Required action —
The result should be the full listing copied exactly, with no pictures in it.

Dataset content —
------------------------------------------------------------------------
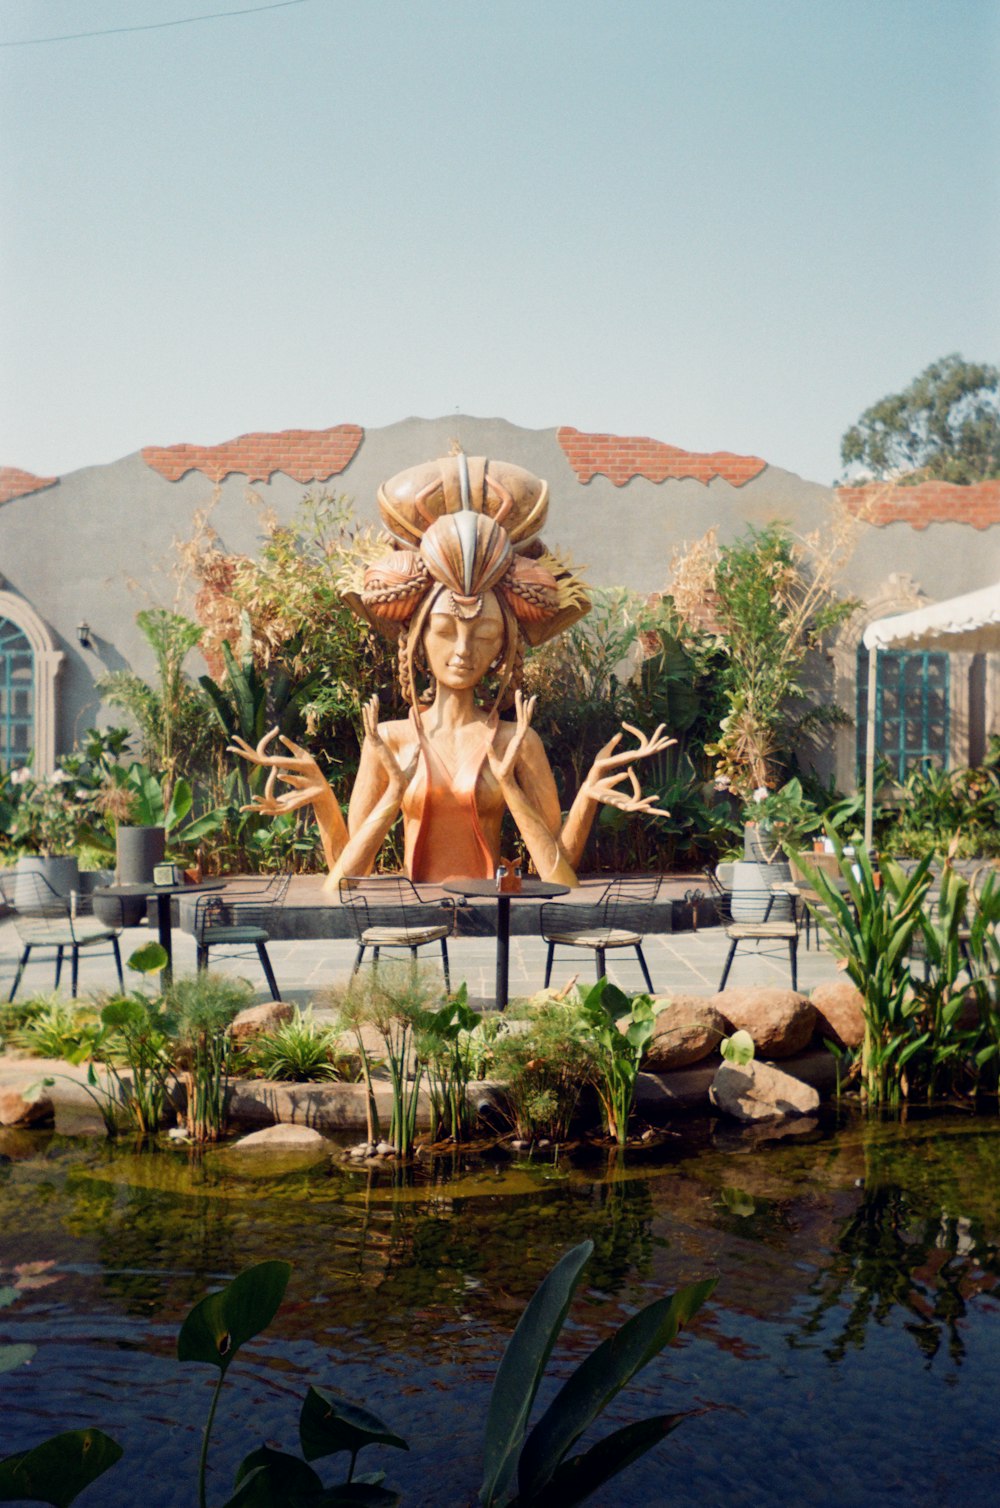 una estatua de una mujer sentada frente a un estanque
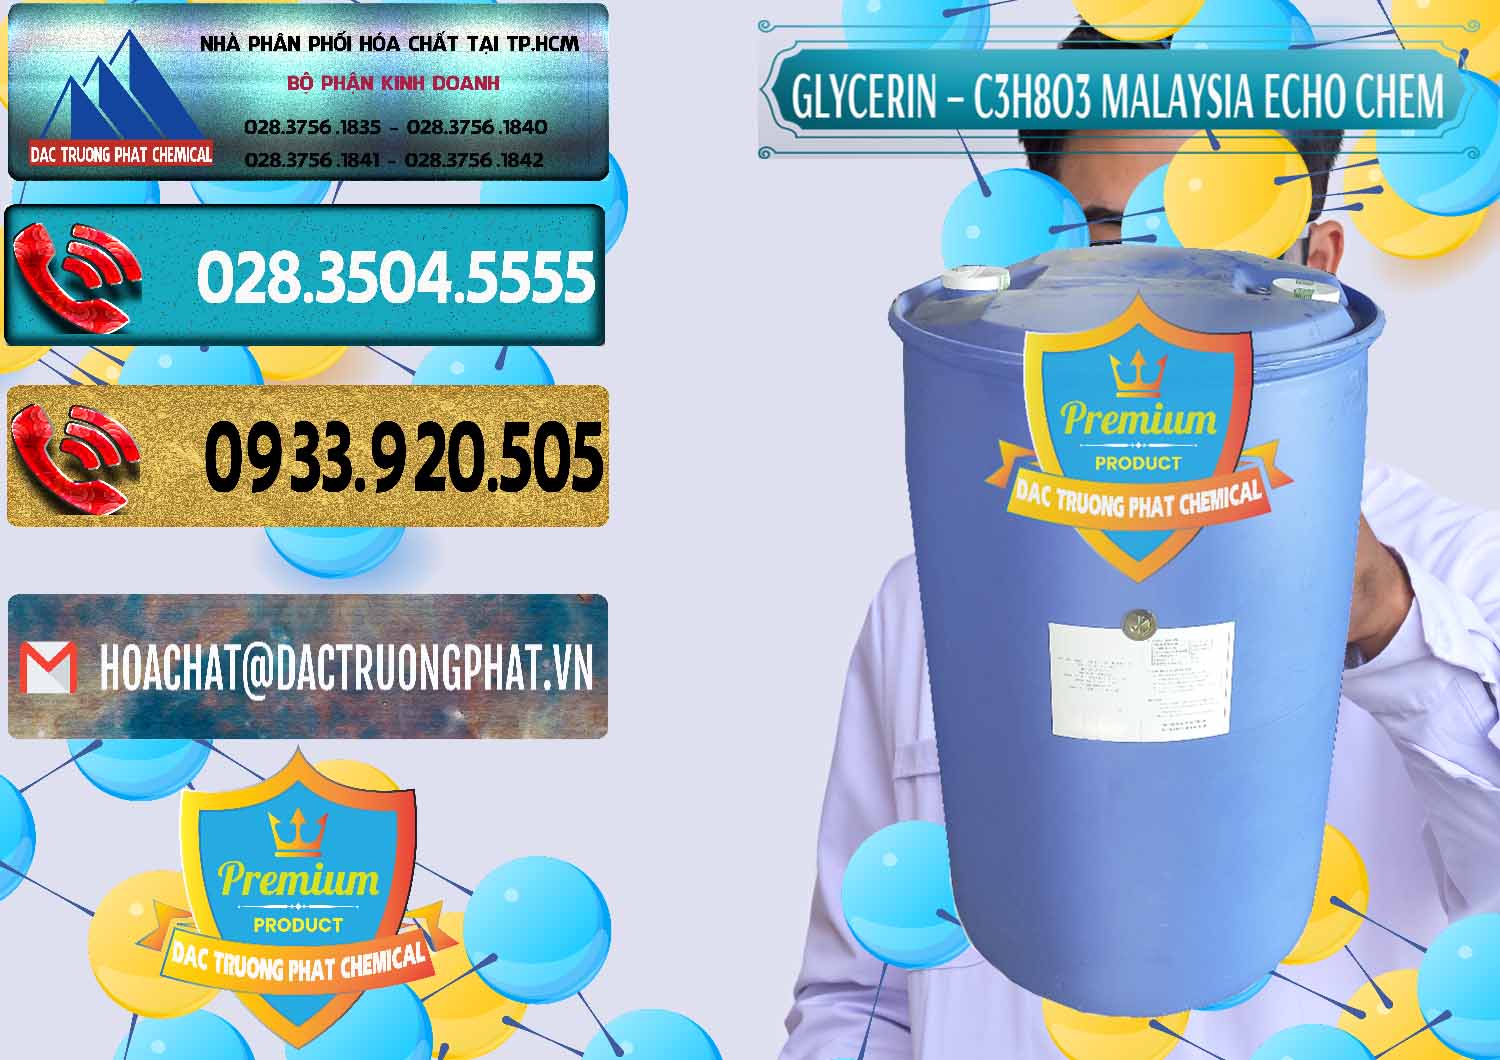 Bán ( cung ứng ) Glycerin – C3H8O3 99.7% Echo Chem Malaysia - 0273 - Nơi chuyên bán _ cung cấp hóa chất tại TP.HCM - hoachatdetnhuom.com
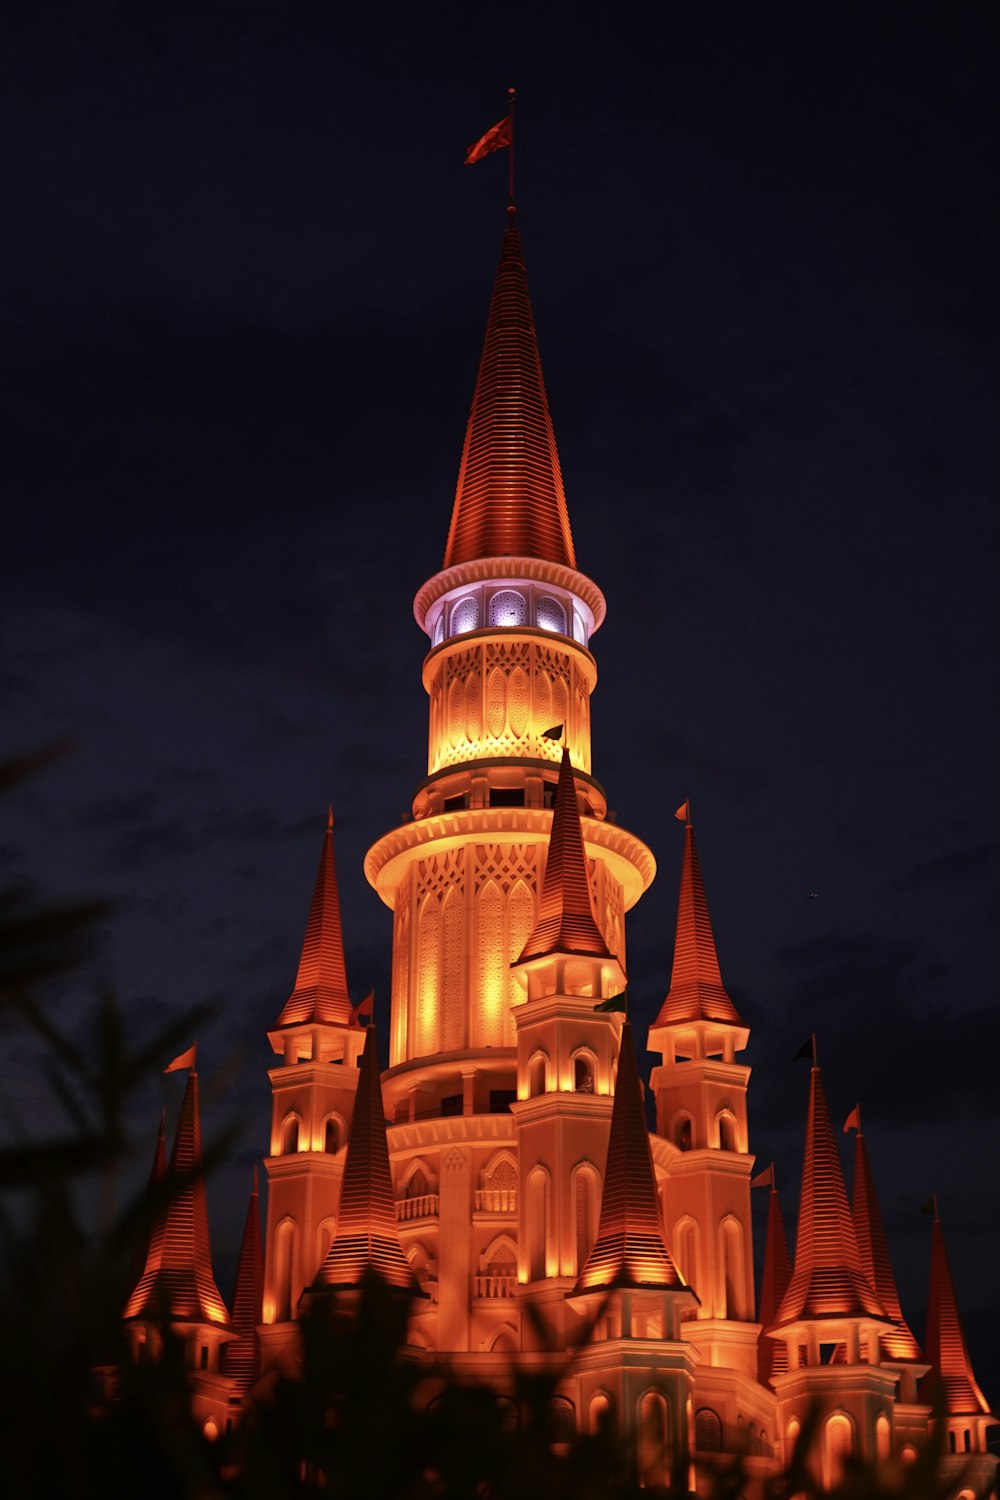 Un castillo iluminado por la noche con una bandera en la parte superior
------------------------------------------------------------------------
Response to the task —
 una estatua de una mujer sentada frente a un estanque
 Bán ( cung ứng ) Glycerin – C3H8O3 99.7% Echo Chem Malaysia - 0273 - Nơi chuyên bán _ cung cấp hóa chất tại TP.HCM - hoachatdetnhuom.com
 Un castillo iluminado por la noche con una bandera en la parte superior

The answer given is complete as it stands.